INDEPTH: Timeline: Muhammad cartoons



Police fired live ammunition and tear gas at protesters, who hurled rocks and bottles before storming the compound and setting fire to the building and cars parked nearby. Libya's parliamentary secretariat on Saturday voted to suspend the interior minister for "excessive use of force" in the riot. 

Calderoli, a member of the anti-immigration Northern League party, wore the T-shirt underneath a suit this week. He told the Italian news agency ANSA it was a "personal initiative" that was meant to invite "real dialogue.'' 

Italian Prime Minister Silvio Berlusconi later asked for Calderoli's resignation, saying the minister's position "isn't that of the government and it's evidently incompatible with an institutional role." 



"I respect all faiths and support dialogue between religions and civilizations,'' Berlusconi said in a statement published on the government's website Saturday. 


FROM FEB. 17, 2006: 10 killed in Muhammad protests in Libya

The cartoons, first published by a Danish newspaper in September, have angered Muslims around the world. Protesters have burned Danish flags and attacked embassies. Devout Islamic beliefs prohibit any depiction of the Prophet Muhammad. 

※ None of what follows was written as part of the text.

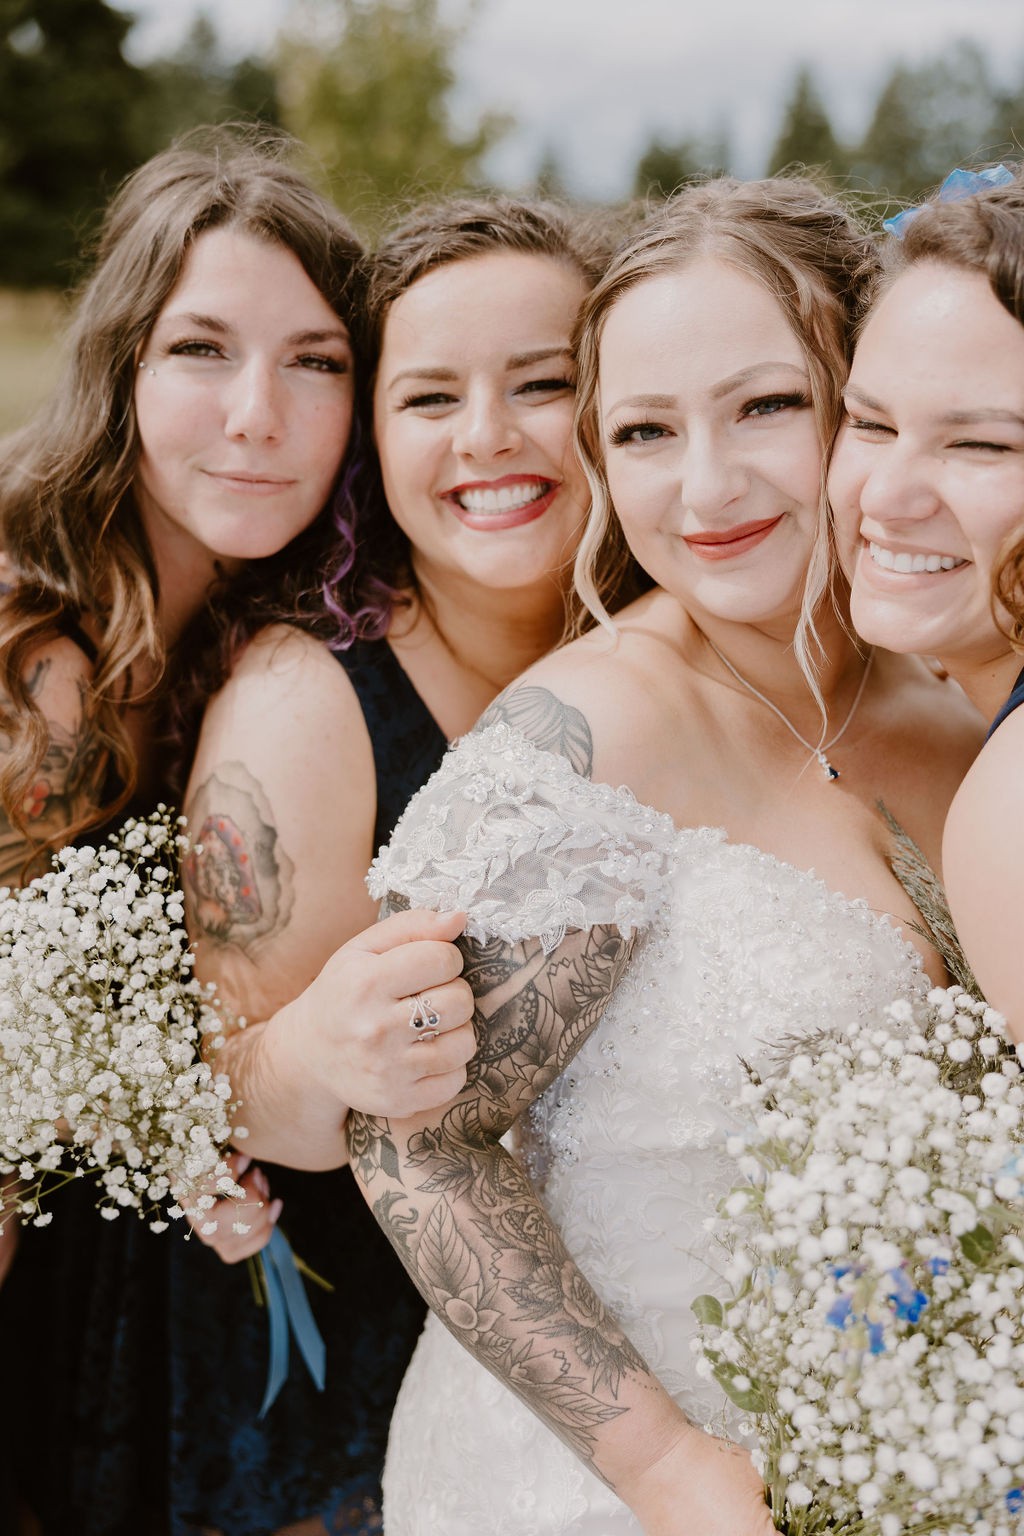 The bride and her bridesmaids share a joyful moment together, holding bouquets of flowers.

More than 10,000 people took part in an angry but peaceful protest against the cartoons in central London on Saturday. Buses brought participants from cities around Britain to gather in Trafalgar Square and they marched through central London toward Hyde Park.


----------



## mrmagic2713 (Jan 30, 2006)

wow! all i can say is be carefull of what you put on your shirts! the butt you save my be your own!


----------



## CoolHandLuke (Oct 27, 2005)

If you have the ability to put out whatever that cartoon was... you would make a killing! But it might be your own?


----------



## real (Sep 11, 2005)

violence over a tee.. some ppl still need to get a life, and get over it.. nothing's sacred in this world.


----------



## sarafina (Jul 27, 2005)

real said:


> violence over a tee.. some ppl still need to get a life, and get over it.. nothing's sacred in this world.


Riiiight, because they're fighting over tshirt.....

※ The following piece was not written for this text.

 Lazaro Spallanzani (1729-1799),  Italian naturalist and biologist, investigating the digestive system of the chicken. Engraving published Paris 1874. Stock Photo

There is nothing in life sacred to _you_ but there many things sacred to some people.

Shame on Robert Calderoli for exhibiting such poor judgement. 'Freedom of speech' shouldn't be an excuse for ignorance.


----------



## mrmagic2713 (Jan 30, 2006)

well certain things my be sacred to certain groups of people, but like the late dr king once said, " we must learn to disagree, without being violently disagreeable." as foolish as it was for this guy to wear that shirt at that event, the onslaught of violence afterwards was simply not wise or acceptable. anyway lets stay away from the politics, and get back to what this board does best. exchanging great ideas for creating and distributing great t-shirts!


----------



## Rodney (Nov 3, 2004)

> anyway lets stay away from the politics, and get back to what this board does best. exchanging great ideas for creating and distributing great t-shirts!


Great idea


----------